Case in point, Article 9 establishes a clear continuous monitoring obligation on FEs, with 9(1) highlighting a broader set of requirements for protection and prevention:
"For the purposes of adequately protecting ICT systems and with a view to organising response measures, financial entities shall continuously monitor and control the security and functioning of ICT systems and tools and shall minimise the impact of ICT risk on ICT systems through the deployment of appropriate ICT security tools, policies and procedures."
In addition, Articles 10 and 17 establish clear detection and incident management requirements for FEs. Together, they are part of a comprehensive approach to ICT risk management that includes identification, protection, detection, response, recovery, and learning and improvement.
"Financial entities shall have in place mechanisms to promptly detect anomalous activities, in accordance with Article 17, including ICT network performance issues and ICT-related incidents, and to identify potential material single points of failure... ."
It should go without saying that the best way to comply is, as usual, prevention. And for that, you’ll need multi-layered mobile app protection. However, in the event of an incident, and to effectively meet your reporting obligations under DORA, it's crucial to have deep insight into your mobile financial apps.
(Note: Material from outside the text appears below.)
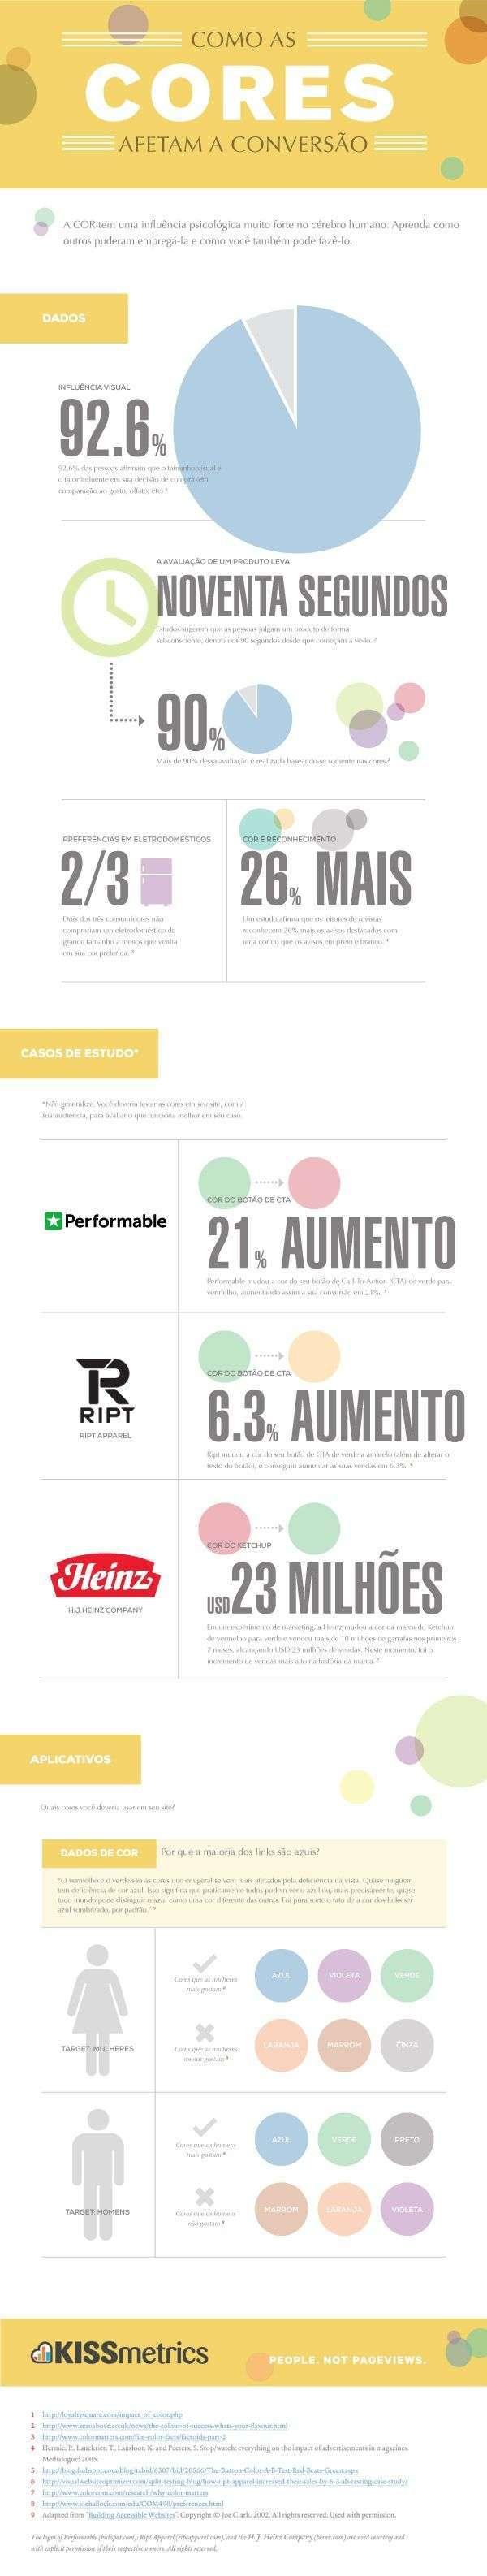 infográfico_cores_kissmetrics

This allows you to identify potential threats early and prevent incidents from escalating into major issues. Without robust detection capabilities, you risk failing to identify and classify incidents, which can significantly hinder your ability to comply with the stringent reporting requirements outlined in DORA.
This is a particular challenge if your app depends on external SDKs or 3rd-party code libraries, where you might not have oversight over the risks they might introduce. In this case, it’s just as important to protect your entire app as it is to detect malicious activity or performance degradation immediately to comply with DORA, which falls in line with the Chapter V obligations around third-party risk management.